Si siede a qualche banco di distanza guardando poi la professoressa, che intanto è andata prendere una pila di libri dalla scrivania, con gli occhi di uno snaso colto sul fatto ma senza effetto alcuno. La professoressa posa rumorosamente i libri sul suo banco e lo guarda fisso: «Visto che la lezione su come trasfigurare un tucano in un orologio da taschino te la sei persa, farai una relazione di tre pagine di pergamena su questo argomento»
«Tre?!», esclama – già – esausto e sconvolto.
«Tre, signor Holland. Non me lo faccia ripetere»

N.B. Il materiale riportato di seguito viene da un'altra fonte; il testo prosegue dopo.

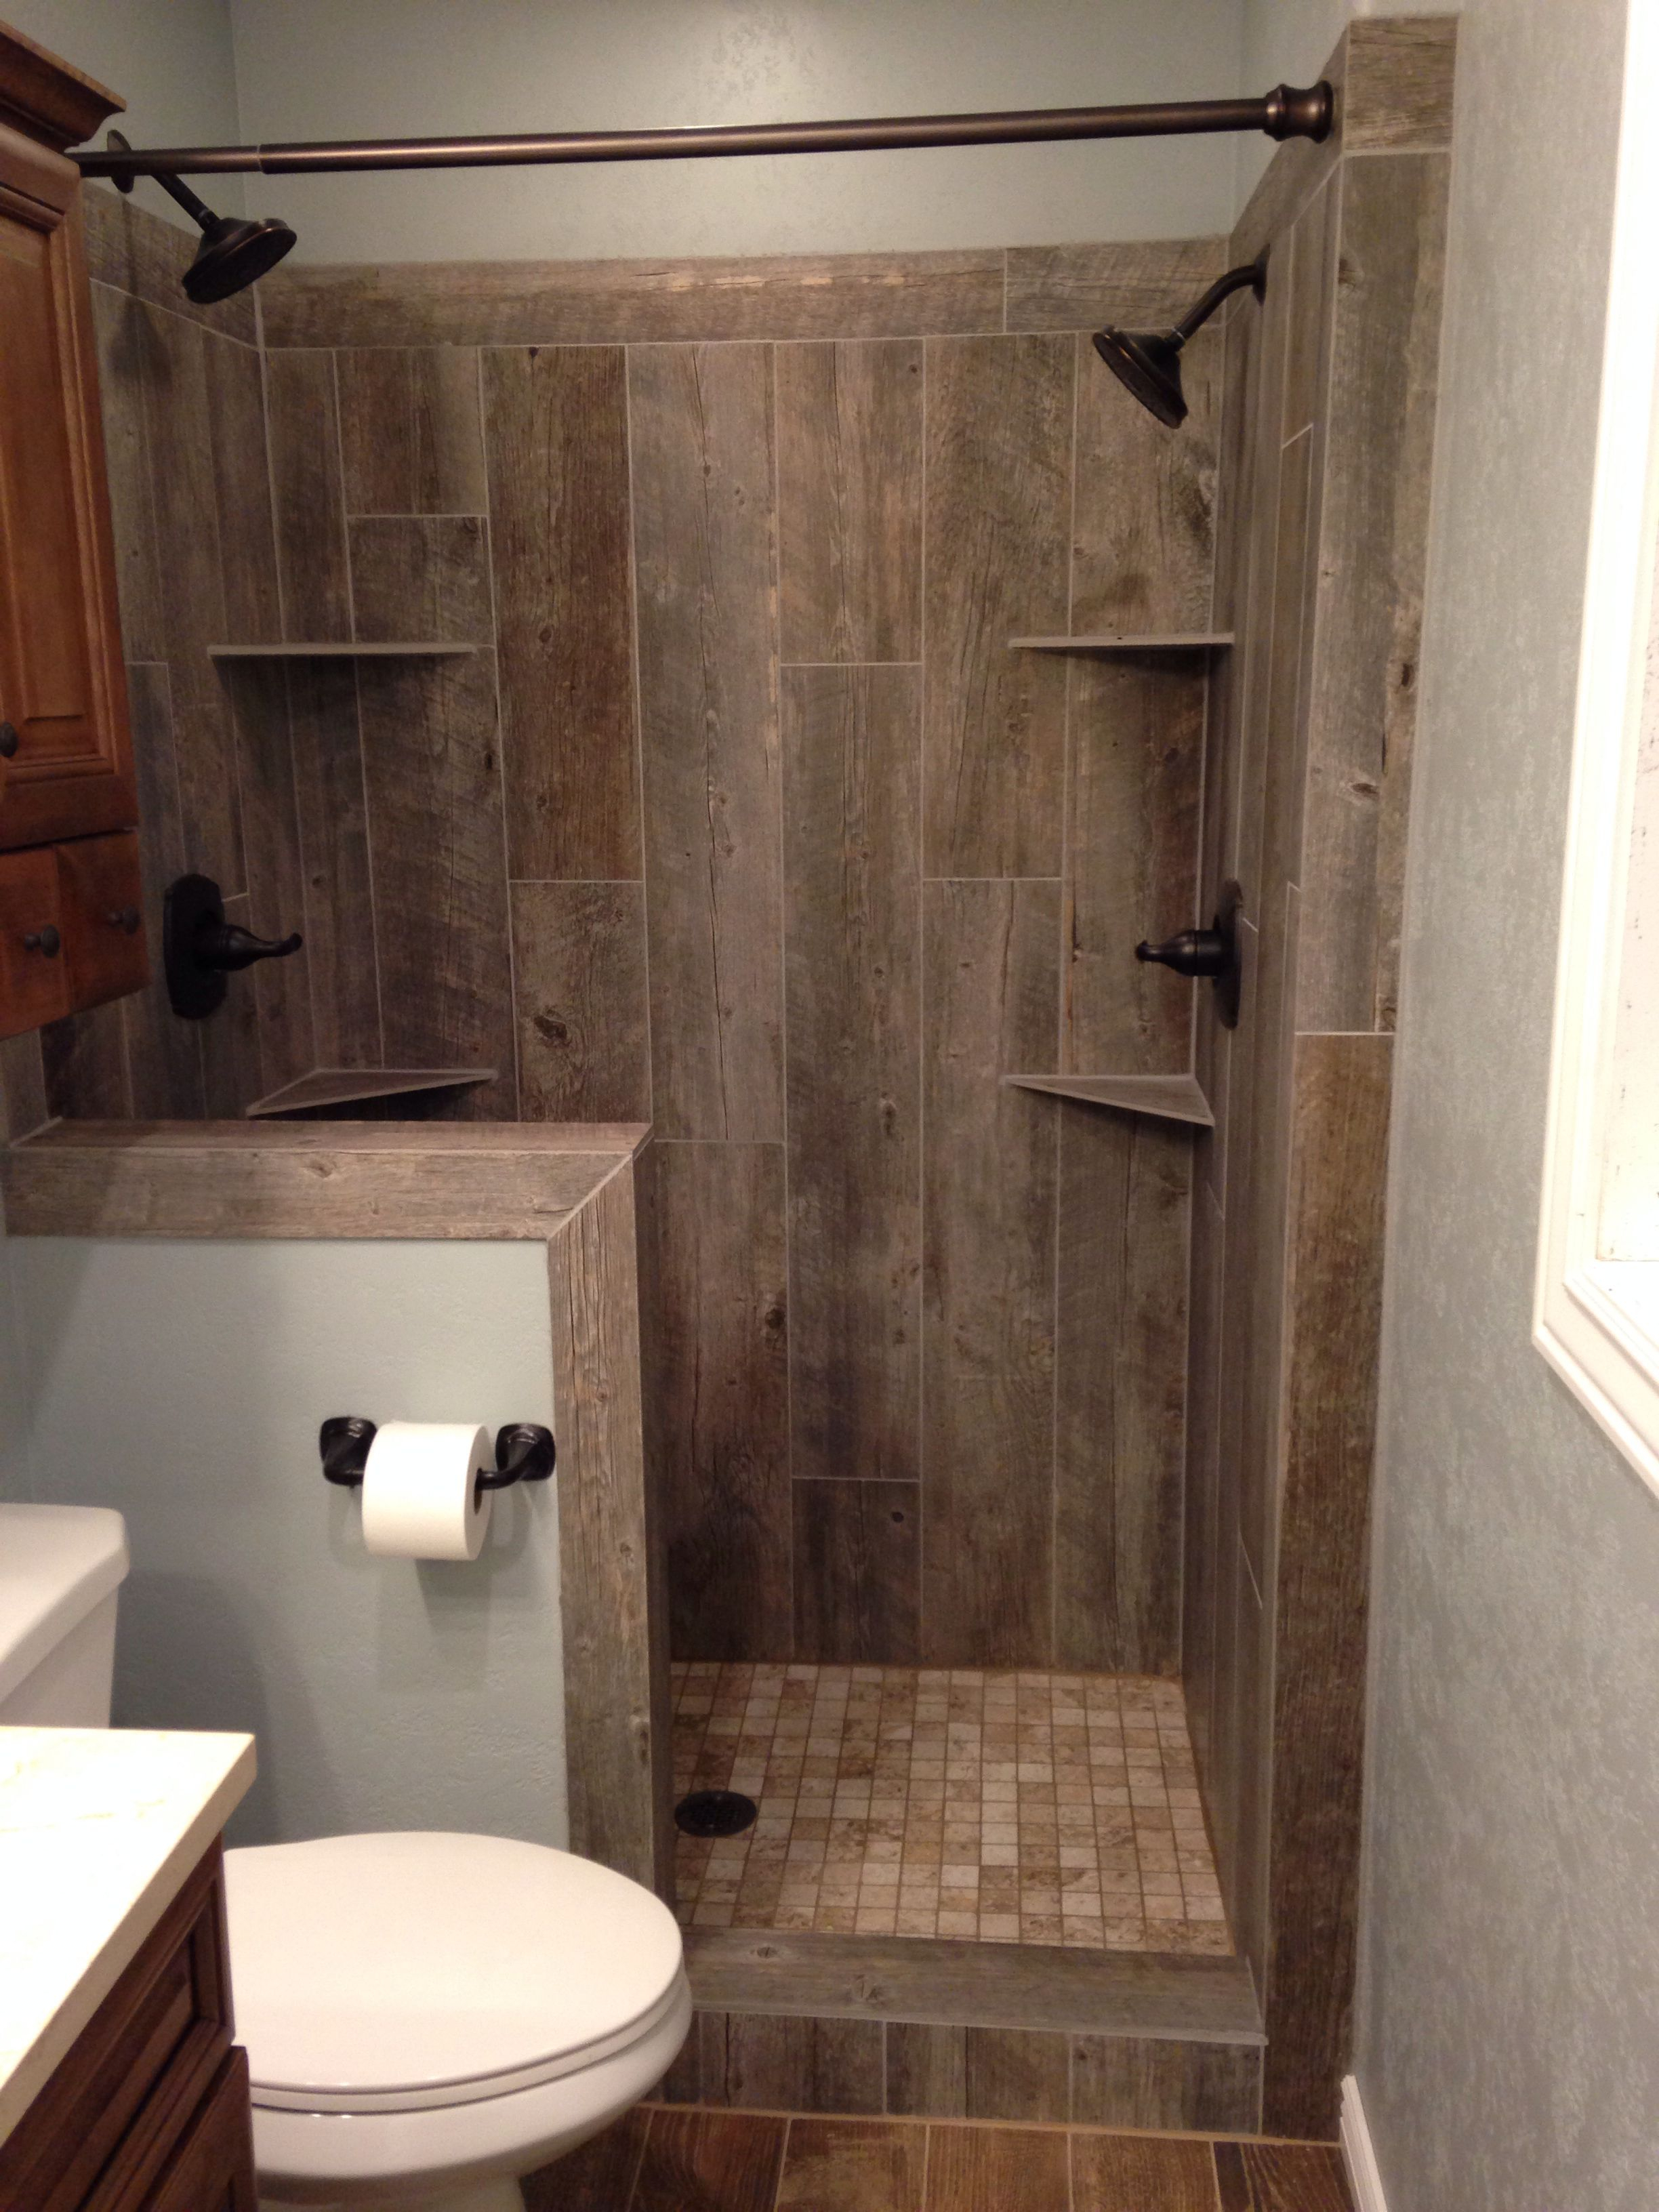 23 Stunning Tile Shower Designs In My House Shower Tile regarding dimensions 2448 X 3264

Tom si accascia sui libri scompostamente come se tutta la forza vita lo avesse abbandonato di colpo. Sente il Serpeverde ridere piano dietro di lui e si gira a guardarlo male. Ci mancavano solo le risatine di scherno in quella giornataccia.
«Bene, io sarò di ritorno tra breve. Non azzardatevi ad uscire dall’aula prima che ve lo venga a dire io», annuncia la professoressa uscendo con fare austero.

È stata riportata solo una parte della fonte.